# Plunge cut on a table saw???



## TS3660 (Mar 4, 2008)

Why is it always me? Seems like I always have to rig something or do something unconventional. Yesterday I had to do a plunge cut on my table saw. Long story but it was the best way I could figure to do this certain thing. It worked fine in the end. I set my fence, then lowered the blade all the way, then put my board against the fence and in the right location, turned the saw on and raised the blade through the wood. Is this something everybody does?


----------



## mdlbldrmatt135 (Dec 6, 2006)

Well, it's the easiest way to make a Zero clearance blade insert


----------



## TS3660 (Mar 4, 2008)

Yes, true, and I have done that too.

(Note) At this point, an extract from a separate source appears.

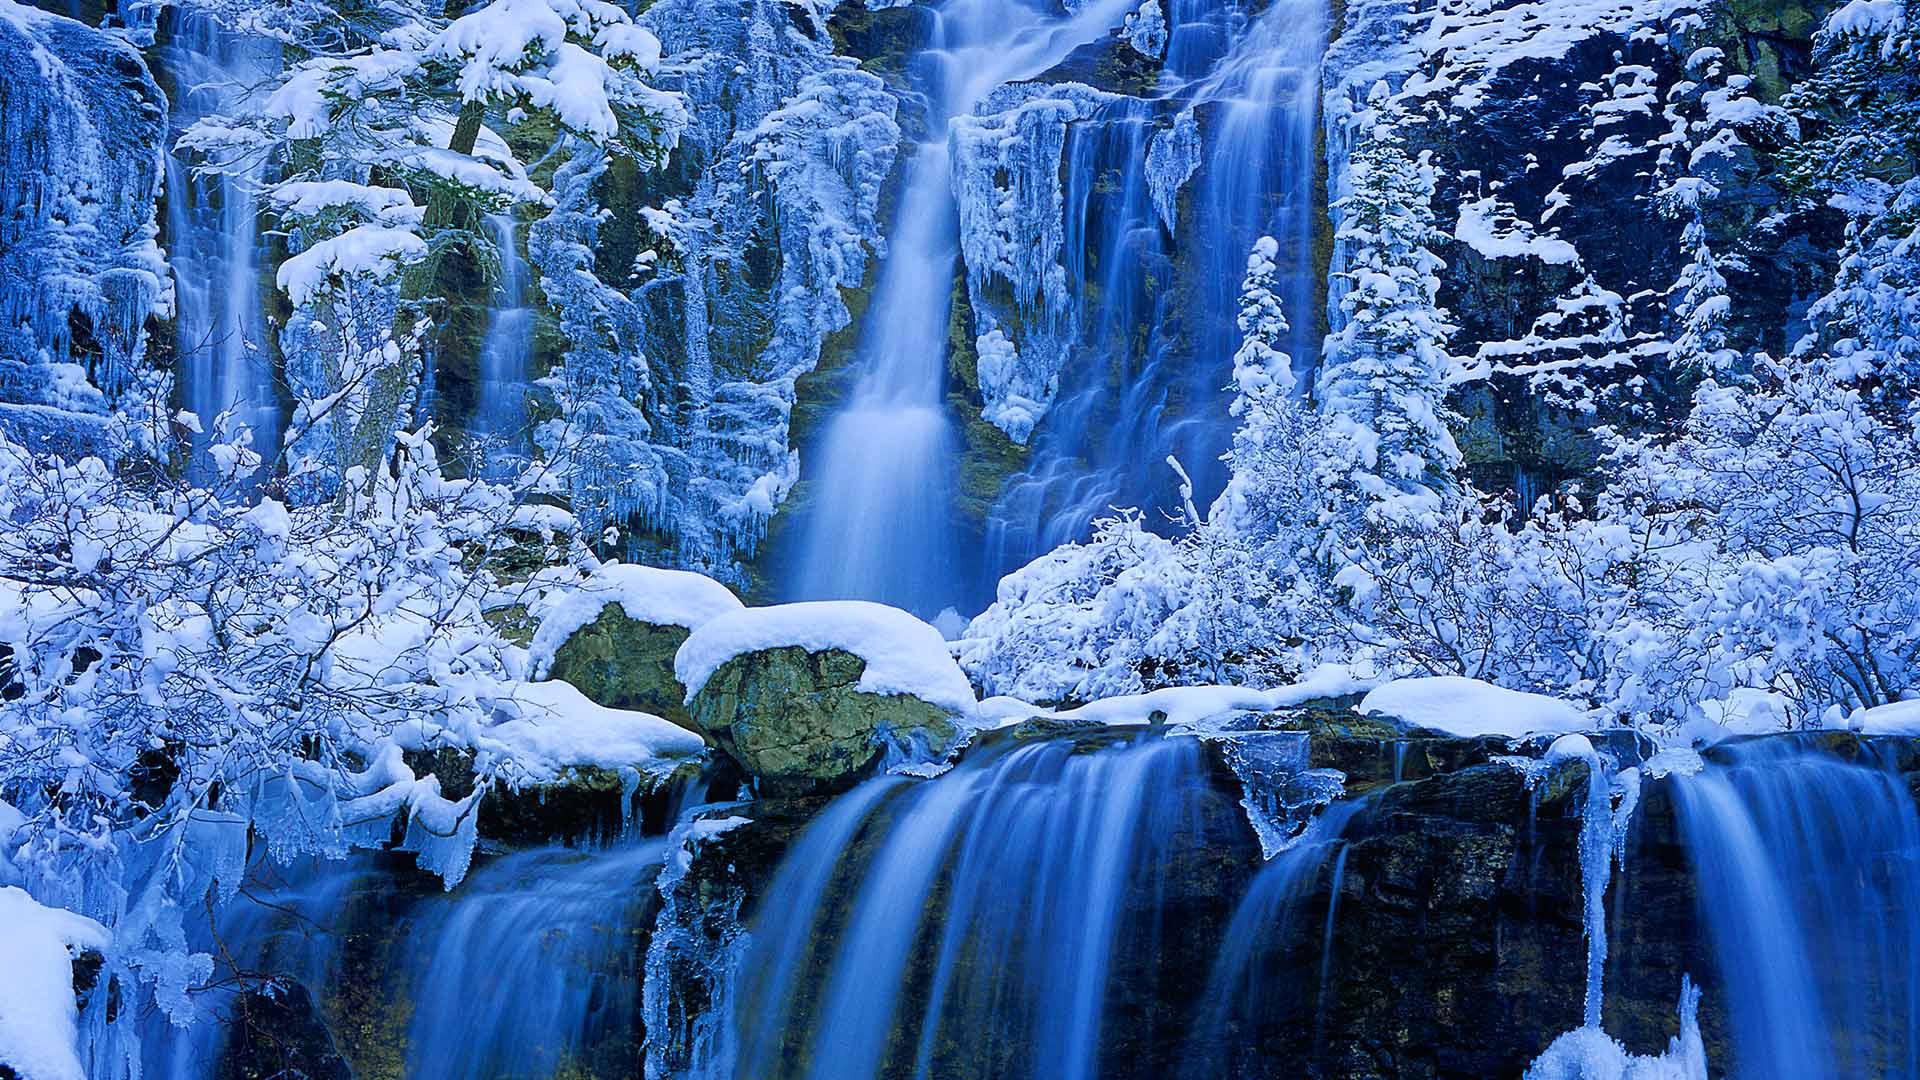 предыдущему опыту живые картинки на комп зима действительна при

But at least the insert is anchored to the table. This was freehanded.


----------



## smitty1967 (Feb 24, 2008)

Bud: I've done that once or twice, as I recall...it worked OK. I'm still here typing with all ten thumbs. :laughing: 

regards,
smitty


----------



## skymaster (Oct 30, 2006)

Bud, depending on your fence next time try putting feather boards on the fence as a hold down. Boards are cheap and ez to replace :} For some strange reason we cant grow new fingers.
Hope you are keeping the town under control 'till another crazy unwanted Damn Yankee shows up :laughing::yes:
Jack


----------



## pianoman (Jan 16, 2008)

Bud, thanks for your honesty. I too have done this before. The only thing I can add is...know your limits...if it dosen`t feel right don`t do it!


----------



## knotscott (Nov 8, 2007)

I've done cuts where I secured the board and raised the blade through it without issue. It's commonly done for inserts....usually best done with a smaller diameter blade. The first time I made an insert was before I knew about the "smaller blade" trick... I tried to lower the insert on a spinning 10" blade.... :surrender: Doh! ....it whacked the wall behind me before I could bat an eye, then I had to explain to my wife what the racket was all about. :huh: :no: I'm lucky my face doesn't have a permanent insert impression on it! (maybe that'd be an improvement! :laughing


----------



## TS3660 (Mar 4, 2008)

Hey Scott, I did an insert like that too with my 10" blade before I knew about the smaler blade technique. It was scary but I did it without incident. I put the front of the insert in it's place and lowerd the back onto the blade. Maybe that's why it didn't fly at me. I won't do it again though. Too scary.


----------



## firehawkmph (Apr 26, 2008)

*plunge cut*

Hi TS,
What were you making that required the plunge cut on the table saw? I have done some unorthodox things in my time, but as I get older, I am more inclined to make up jigs, supports, featherboards, etc. I have had things fly off the saw once in awhile, don't like those kind of surprises anymore.
Mike:blink:


----------



## TS3660 (Mar 4, 2008)

Mike,
I was laying hardwood flooring and had to notch a piece of the flooring to go around a heating register.


----------